Однако и тут запорожская смекалка выручила: пальцы кукишем переложил и ведьме под нос. Кое-как очухалась и простонала:
– Ой, горюшко, до чего больно было, как бы кто вилами сердце насквозь проткнул! Вы уж меня, ради господа бога, не крестите, а то нечистый меня задавит.
– Не буду, не буду, черт же тебя знал, что ты такая нежная.
Поставила гостю бутылочку терновки, закуску, а сама у печки захлопотала.
Завтракает Шарпыло, а сам с ведьмы глаз не сводит. «Славная бы, – думает, – из нее была молодица-хозяюшка, когда б не этот каторжный анафемский хвостик, чтоб ему отсохнуть!»
Хорошо угостила Одарка Шарпылу, упоила и терновкой, и запеканкой, а там отвела на сеновал отдохнуть. Ночь не спавши мигом захрапел казак.
Проснулся Шарпыло, когда уже стало смеркаться. Войдя в хату, застал там черта. Так, аспидов сын, и увивается около ведьмы. Досадно стало казаку. Поздоровавшись, сразу спросил:
– А далеко ли к пустыннику идти?
– Да нет, – ответил черт. – Близехонько, за город Изюм, в Святые горы.

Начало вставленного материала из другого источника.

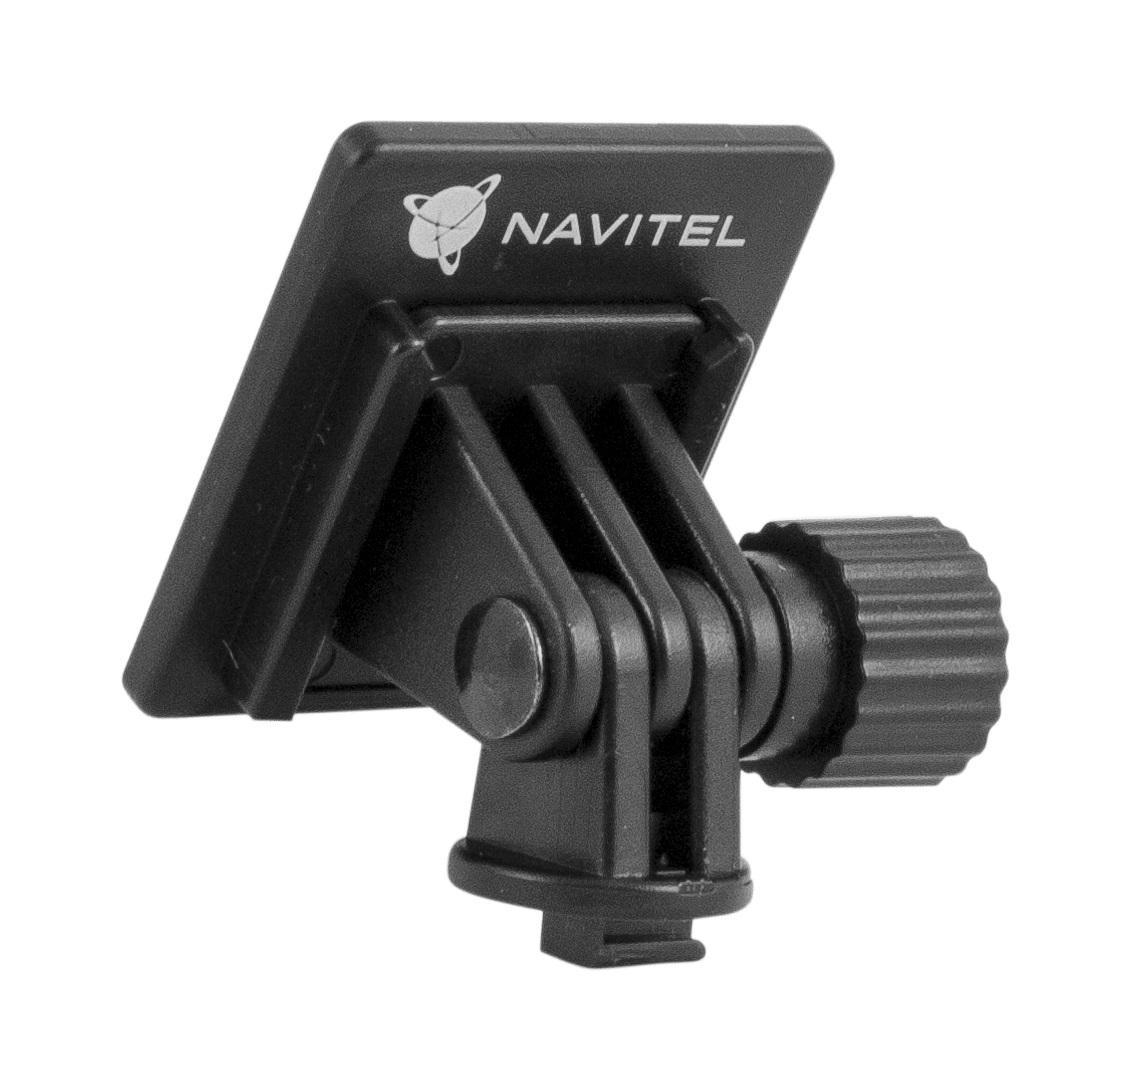 Dashcam NAVITEL NAVR400NV évaluation

– Ничего себе близехонько! Туда и за пятеро суток не дойти! – возмутился Шарпыло.
– Это – по-вашему, по-запорожскому, а по-нашему – близко. Выйдем пораньше, до солнца, а к вечеру там будем.
– Слушай, черт, – сердито сказал Шарпыло, – ты запорожцев не трожь. Верно тебе говорю: был бы мой конь живой, то не будь я Гнат Шарпыло, когда б не доскакал за одни сутки до Святых гор. Так-то вот!
– Да не бреши. – ответил черт, – и за трое не доехал бы. А вот я тебя повезу так, что к обеду туда поспеем.
– А как же Одарка?
– Она обернется гончею собакой. Дорогой еще и поохотимся.
До полночи судачили, а там немного вздремнули и двинулись в путь. Когда из-за горы выглянуло солнце, были они уже далеко от слободы.
Еще солнце высоко стояло, как показались Святые горы. Красота несказанная! Зеленые веселые леса по тем горам поросли, ручейки сбегают к широкой реке, соловьи поют-заливаются, на полянах пахучие травы, мотылечки от цветка к цветку перепархивают. Весело, радостно стало на душе у казака. Оглянулся – ведьма опять дивчиной стала. Напоил коня, стал к дубу привязывать, а тот и говорит:
– Ты, пожалуй, к пустыннику сам иди, а я здесь побуду с Одаркой. Только не задерживайся, к ночи хочу в слободу вернуться, свадьбу справить.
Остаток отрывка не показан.